JSON et al: A Deep Dive into Data Serialization Formats

JSON is everywhere, but it's not the only option. This post explores data formats beyond basic JSON—JSONL for streaming, JSONB for fast queries, Protocol Buffers for compact wire formats, YAML/TOML for human editing, and TOON for LLM efficiency. Each has trade-offs: pick two of readability, compactness, or speed.

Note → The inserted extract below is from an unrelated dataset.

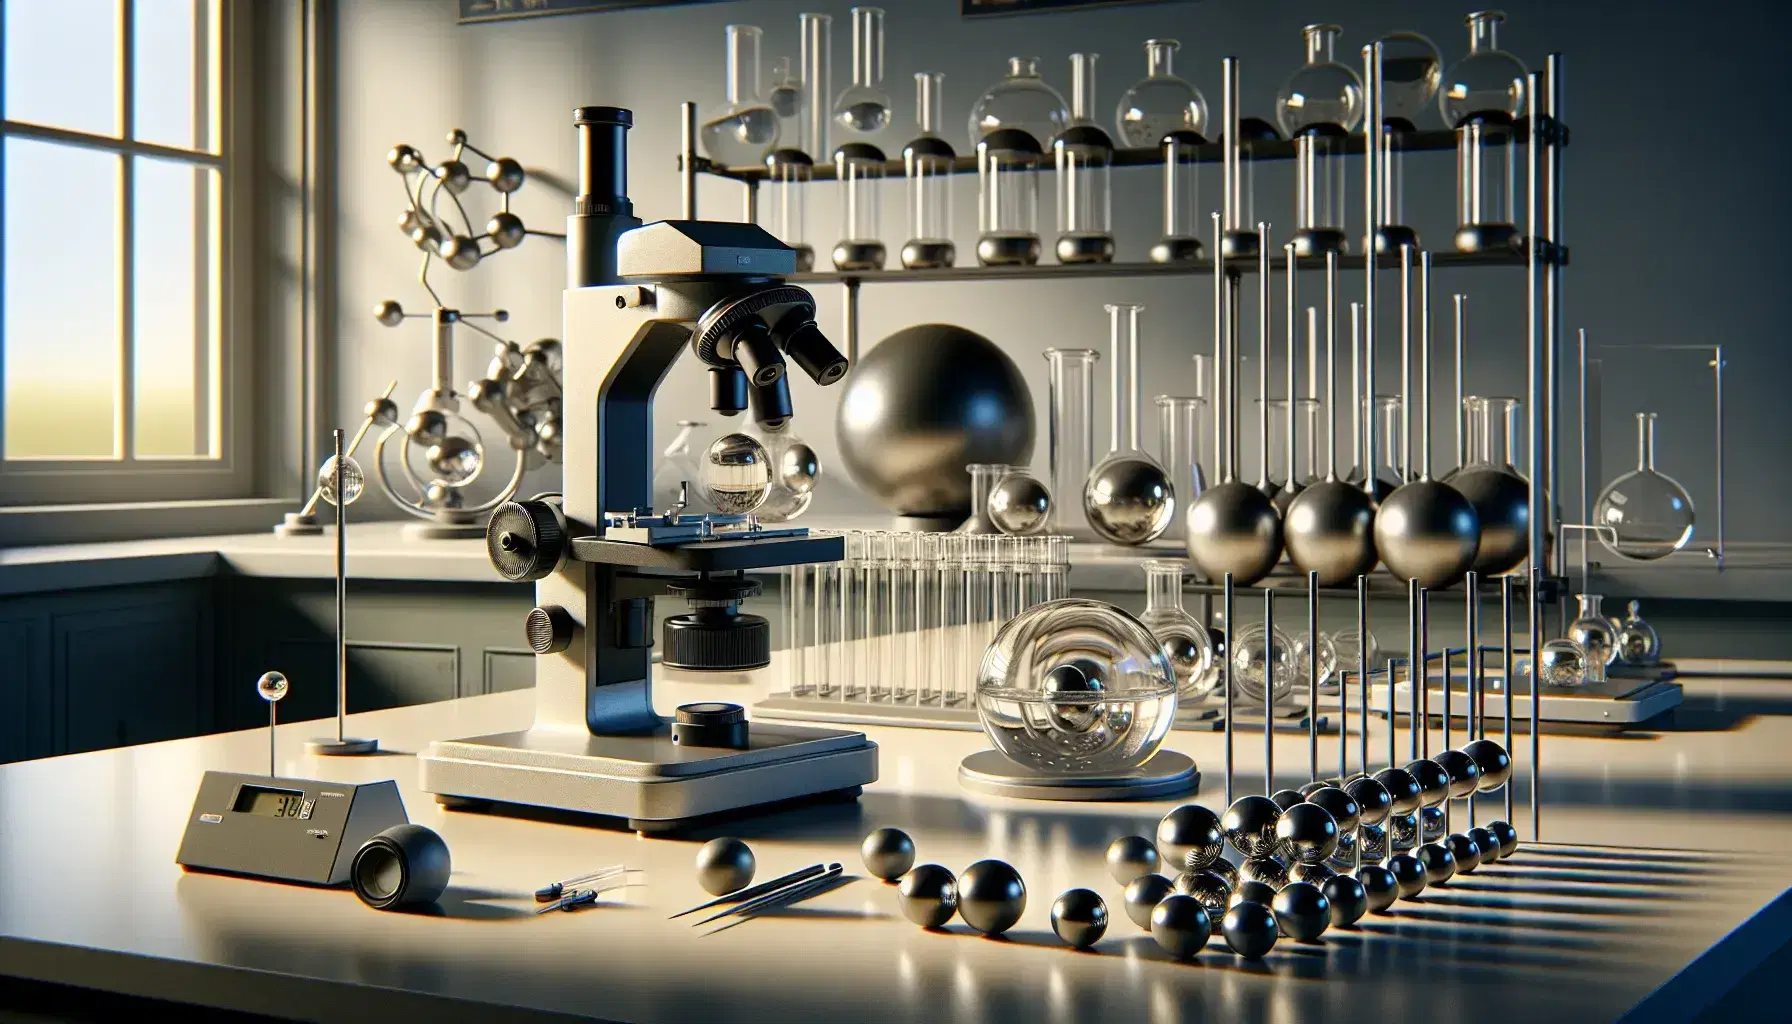 Laboratorio de física con microscopio metálico, esferas en soportes y estante con frascos de vidrio, balanza analítica y tubo de ensayo.

JSON is everywhere. APIs. Logs. Databases. Configuration files. But it’s not alone. A whole ecosystem of formats exists—each optimizing for different tradeoffs.

This post expands on the JSON et al short, providing technical depth on each format: when it was created, where it’s specified, and what problems it solves.

The Tradeoff Triangle

Before diving in, understand the fundamental constraint. Data formats balance three competing goals:

Goal	Description
Human Readability	Can a developer read and edit it directly?
Compactness	How many bytes does it take to represent data?
Query Performance	How fast can you access specific fields?

You usually only get two. JSON optimizes readability. Protobuf optimizes compactness. JSONB optimizes query performance. No format wins everywhere.

JSON: The Ubiquitous Baseline

Created: 2001 (discovered/formalized by Douglas Crockford) Specification: ECMA-404 (2013), RFC 8259 (2017) File Extension: .json

JSON (JavaScript Object Notation) emerged from JavaScript’s object literal syntax but became language-agnostic. Crockford didn’t invent it—he “discovered” it already existing in JavaScript and formalized the specification.

Technical Details

Encoding: UTF-8 text (UTF-16/32 allowed but rare)
Data Types: Objects {}, arrays [], strings, numbers, booleans, null
Schema: None required
Comments: Not allowed in strict JSON

Strengths

Universal parser support (every language has one)
Human readable without tools
Web-native (JavaScript parses it natively)
Simple specification (fits on a business card)

Weaknesses

Verbose (field names repeated for every object)
No binary data type (must base64-encode)
No comments (frustrating for config files)
Parsing overhead (tokenization + string decoding every time)

ELI5

Like typing a long email instead of sending a terse text. Every message spells everything out—clear, but verbose.

When to Use

REST APIs, configuration (when comments aren’t needed), data interchange between systems, anywhere human readability matters more than efficiency.

JSONL / NDJSON: Streaming JSON

Created: ~2013 (formalized) Specification: JSON Lines, NDJSON File Extension: .jsonl, .ndjson

JSONL (JSON Lines) and NDJSON (Newline-Delimited JSON) are the same concept: one valid JSON object per line, separated by newlines.

Technical Details

{"name": "Alice", "score": 95}
{"name": "Bob", "score": 87}
{"name": "Carol", "score": 92}

No wrapping array. Each line is independently parseable.

Strengths

Streaming: Process line-by-line without loading entire file
Append-only: Add records without rewriting the file
Parallel processing: Split by line, distribute to workers
Fault-tolerant: One corrupt line doesn’t invalidate the file

Weaknesses

Not valid JSON (can’t parse with standard JSON parser)
Still text-based (same verbosity as JSON)
No random access by index

ELI5

Like removing one comma per line to save some typing. Each line is self-contained, so you can grab and process them one at a time.

When to Use

Log files, big data pipelines (Spark, Pandas), ML datasets, event streams, anywhere you need to process records incrementally.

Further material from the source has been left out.